I was going to say it's probably a wart, but I'd definitely have that looked at. I've never seen anything like that.


----------



## AmberSunrise (Apr 1, 2009)

I have seen /felt something similar on my Casey when his thyroid meds need adjusting.


----------



## Maverick72 (Nov 12, 2012)

I wonder if it's an allergic reaction to his flea/heartworm meds. Thank you


----------



## Megora (Jun 7, 2010)

You know what that looks like to me? The scaly callus spots that dogs get on their elbows. In which case, I've heard that bag balm helps. And there are other methods that I've heard of to stop the progression of those calluses. 

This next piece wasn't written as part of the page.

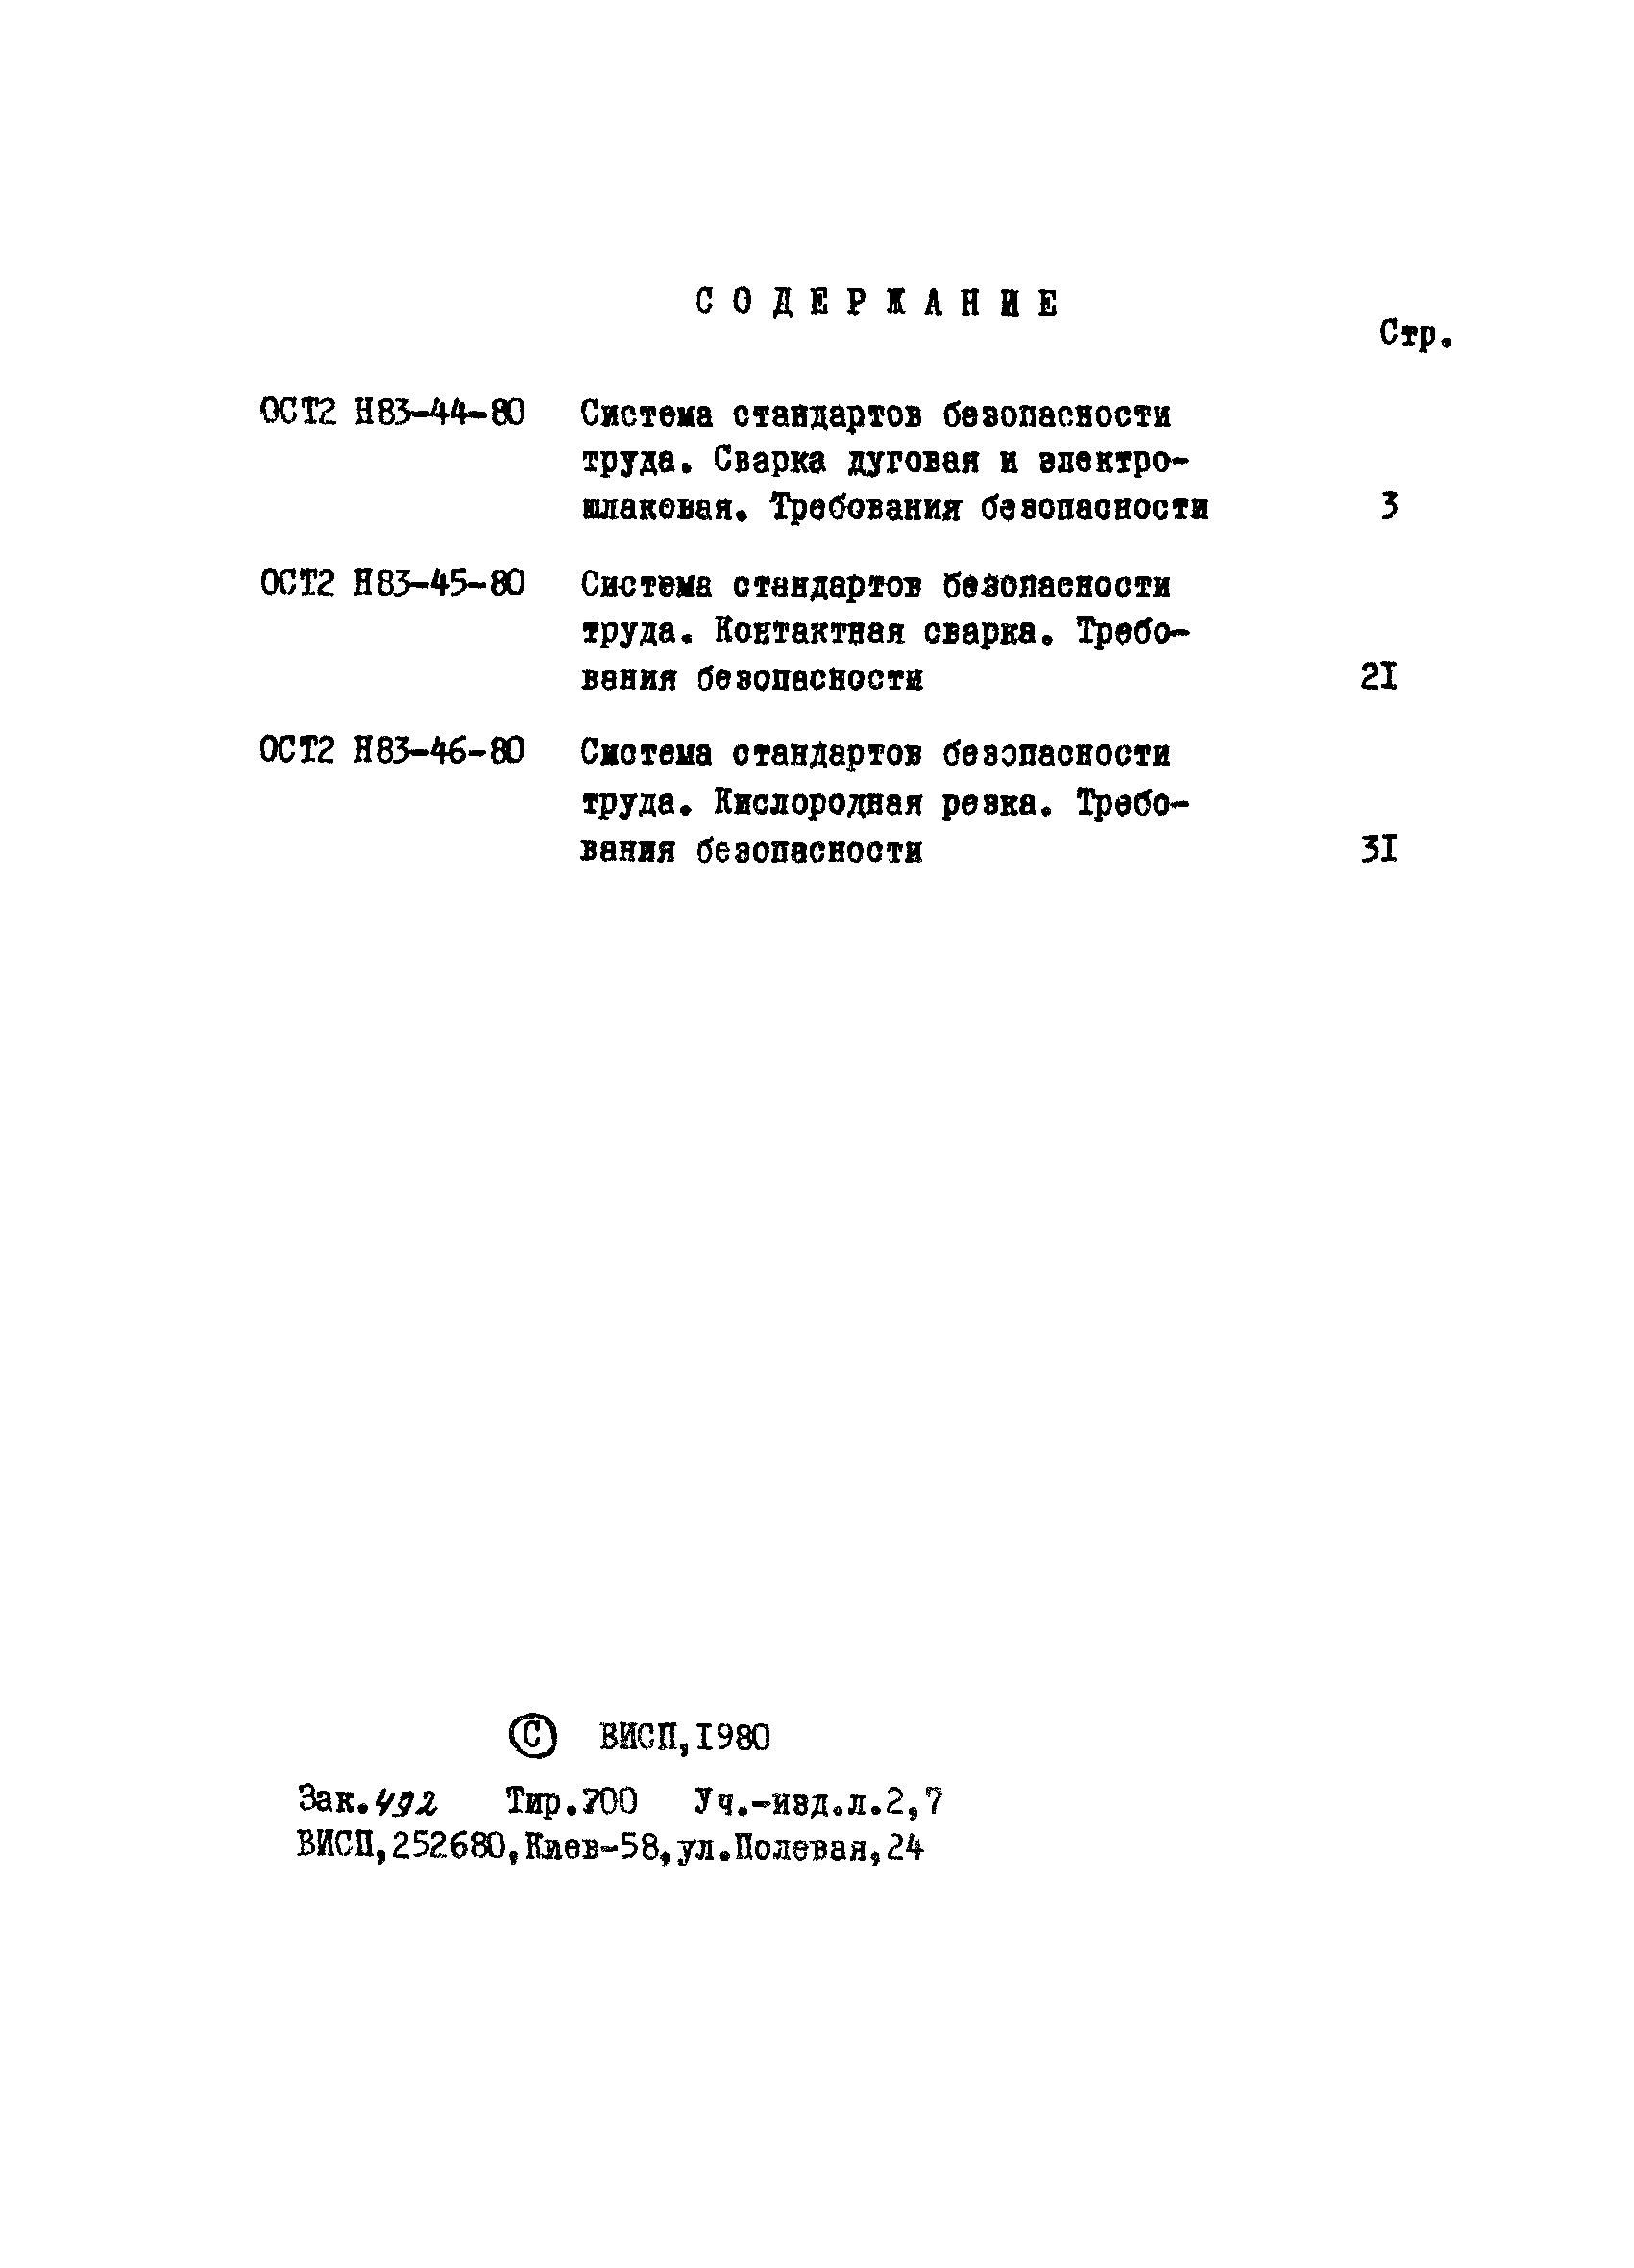 ОСТ 2 Н83-46-80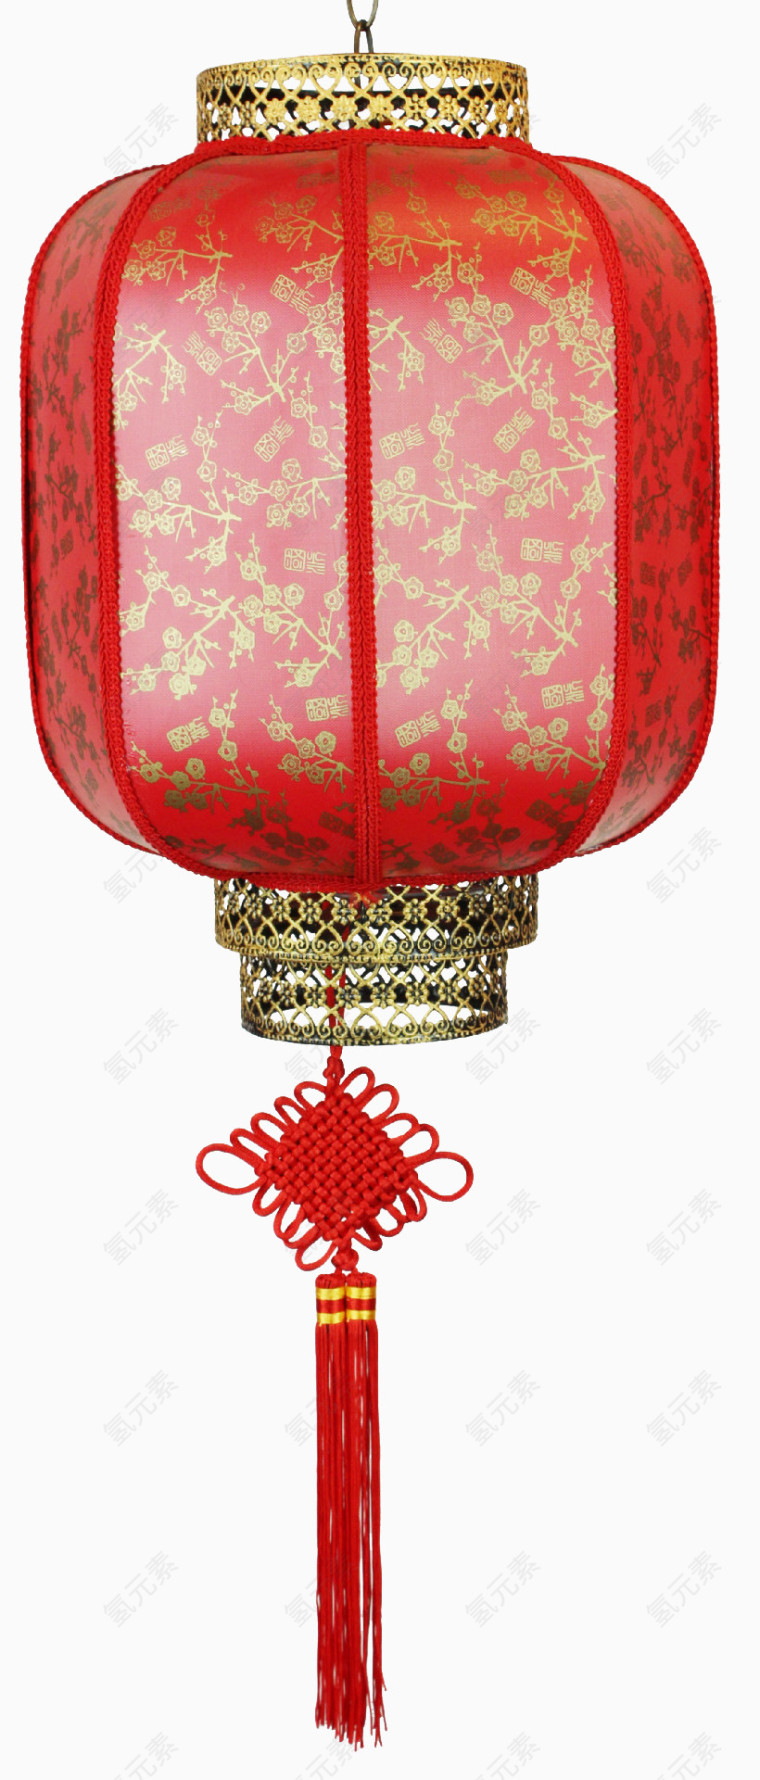 红色金属雕花灯笼

But the fact your dog has them on both ears - I would have them looked at and discuss with your vet. They probably are harmless, but if I were you - I'd like to know what they are and what caused them.

*** 

And I thought of another thing! I've seen those in horse ears before. It's basically dry skin and buildup caused by crud in the ears and sometimes from flies biting (which I'm sure isn't the case with your dog) . I'd still get this checked out. Good luck!


----------



## Maverick72 (Nov 12, 2012)

Megora said:


> You know what that looks like to me? The scaly callus spots that dogs get on their elbows. In which case, I've heard that bag balm helps. And there are other methods that I've heard of to stop the progression of those calluses.
> 
> But the fact your dog has them on both ears - I would have them looked at and discuss with your vet. They probably are harmless, but if I were you - I'd like to know what they are and what caused them.
> 
> ...


I will let you know what they tell me. Thanks


----------



## Maverick72 (Nov 12, 2012)

Megora said:


> You know what that looks like to me? The scaly callus spots that dogs get on their elbows. In which case, I've heard that bag balm helps. And there are other methods that I've heard of to stop the progression of those calluses.
> 
> But the fact your dog has them on both ears - I would have them looked at and discuss with your vet. They probably are harmless, but if I were you - I'd like to know what they are and what caused them.
> 
> ...



The vet said it was from biting flies ( noseeums) biting his ears. Then it got infected and grew huge scabs. They put him under and cut them off. He gave me antibiotics and repellent to spray on his ears.


----------



## Karen519 (Aug 21, 2006)

*Maverick*

Maverick

Thank God you got him into the vet!

Did they say how to prevent this from happening?


----------



## Maverick72 (Nov 12, 2012)

Karen519 said:


> Maverick
> 
> Thank God you got him into the vet!
> 
> Did they say how to prevent this from happening?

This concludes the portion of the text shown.